Estaba a solo un par de metros de su víctima, con el dedo pulgar apoyado en el émbolo de la jeringa, oculta a su espalda. Sin embargo, en el mismo instante en que la Emisaria iba a alzar el brazo, un estruendo reclamó su atención.

Al igual que un ciervo en mitad de la carretera, se quedó paralizada al ver cómo un autobús arrastraba hacia ella varios de los coches estacionados junto a la acera. El conductor había sufrido un ataque al corazón y, tras perder el conocimiento, el gigantesco vehículo continuó su avance sin nadie que lo guiara y nada que pudiera detenerlo, ni siquiera aquella avalancha de hierros, chapas, cristales y neumáticos.

En los escasos segundos que faltaban para que aquel amasijo la engullera, tuvo tiempo de lamentarse por el fracaso de su misión: Sittegg le había encargado a ella, entre los miles de millones de personas que habitaban este mundo, la tarea de abrir el portal que le permitiera adentrarse en este plano de existencia. Y ella, su Emisaria, que había recibido tantos dones y favores, estaba a punto de fallarle de forma definitiva e irremediable.

Resignada a morir, algo la abrazó y la derribó. El alud de coches destrozados no la alcanzó de lleno. Aun así, fue golpeada por parte de la marea de chatarra. Después, perdió la consciencia.

Nunca podría demostrar que, sin la valerosa actuación de quien iba a ser su víctima, todavía fuera capaz de seguir respirando. Por ello sintió una ligera punzada de gratitud.

¿Gratitud? Ese era un sentimiento que no experimentaba desde hacía muchísimo tiempo. Lo más parecido a gratitud era la devoción que profesaba a Sittegg por haberla convertido en su elegida, en su Emisaria. Pero lo que sentía ahora, ese calor en las tripas dirigido a la mujer que lloriqueaba encogida entre la cama de hospital y la pared, había despertado recuerdos que creía olvidados. No le costó mucho enviarlos de nuevo al pozo de oscuridad donde habían pasado todo ese tiempo.

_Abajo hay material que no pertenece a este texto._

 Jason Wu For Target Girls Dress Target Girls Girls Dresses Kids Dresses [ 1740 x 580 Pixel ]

—¡Vamos! —gruñó mientras agarraba a la mujer del brazo y la obligaba a ponerse en pie. Entonces usó uno de los dones que le había ofrecido Sittegg, uno al que llamaba «serenidad artificial»: la víctima se vería envuelta en un halo de seguridad, lo que la libraría del miedo y la volvería mucho más confiada y propensa a colaborar. Cuando empezó a surtir efecto, la Emisaria esbozó una sonrisa y, con toda la frialdad del mundo, le mintió a la cara—: Si colaboras no tienes nada que temer, no tengo ninguna intención de hacerte daño.

Convencida por aquellas palabras y por la «serenidad artificial», la joven se convirtió en una marioneta bastante más dócil de lo que hubiera imaginado. La Emisaria se vistió con las prendas que quitó a la enfermera muerta, haciéndose pasar por una empleada del hospital, y ordenó a su víctima que aguardara en la habitación, sin hacer ninguna estupidez, hasta que ella regresara.

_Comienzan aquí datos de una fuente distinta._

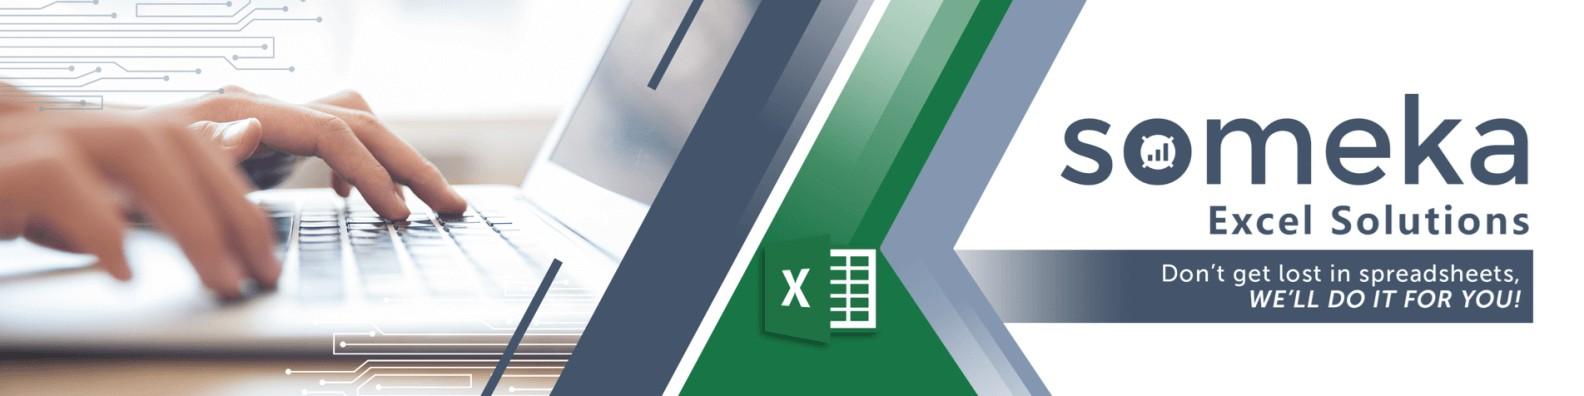 Someka Excel Solutions | LinkedIn

Al cabo de un minuto volvió con una silla de ruedas en la que obligó a la mujer a sentarse. Sin decir palabra, la Emisaria empujó la silla fuera de la habitación y recorrieron los pasillos sin nadie que las detuviera. Todos aquellos con los que se cruzaban tenían cosas más importantes en que pensar como para prestar atención a una enfermera empujando la silla de ruedas de una paciente. Una paciente que, aunque aterrada, interpretaba bien su papel para no llamar la atención.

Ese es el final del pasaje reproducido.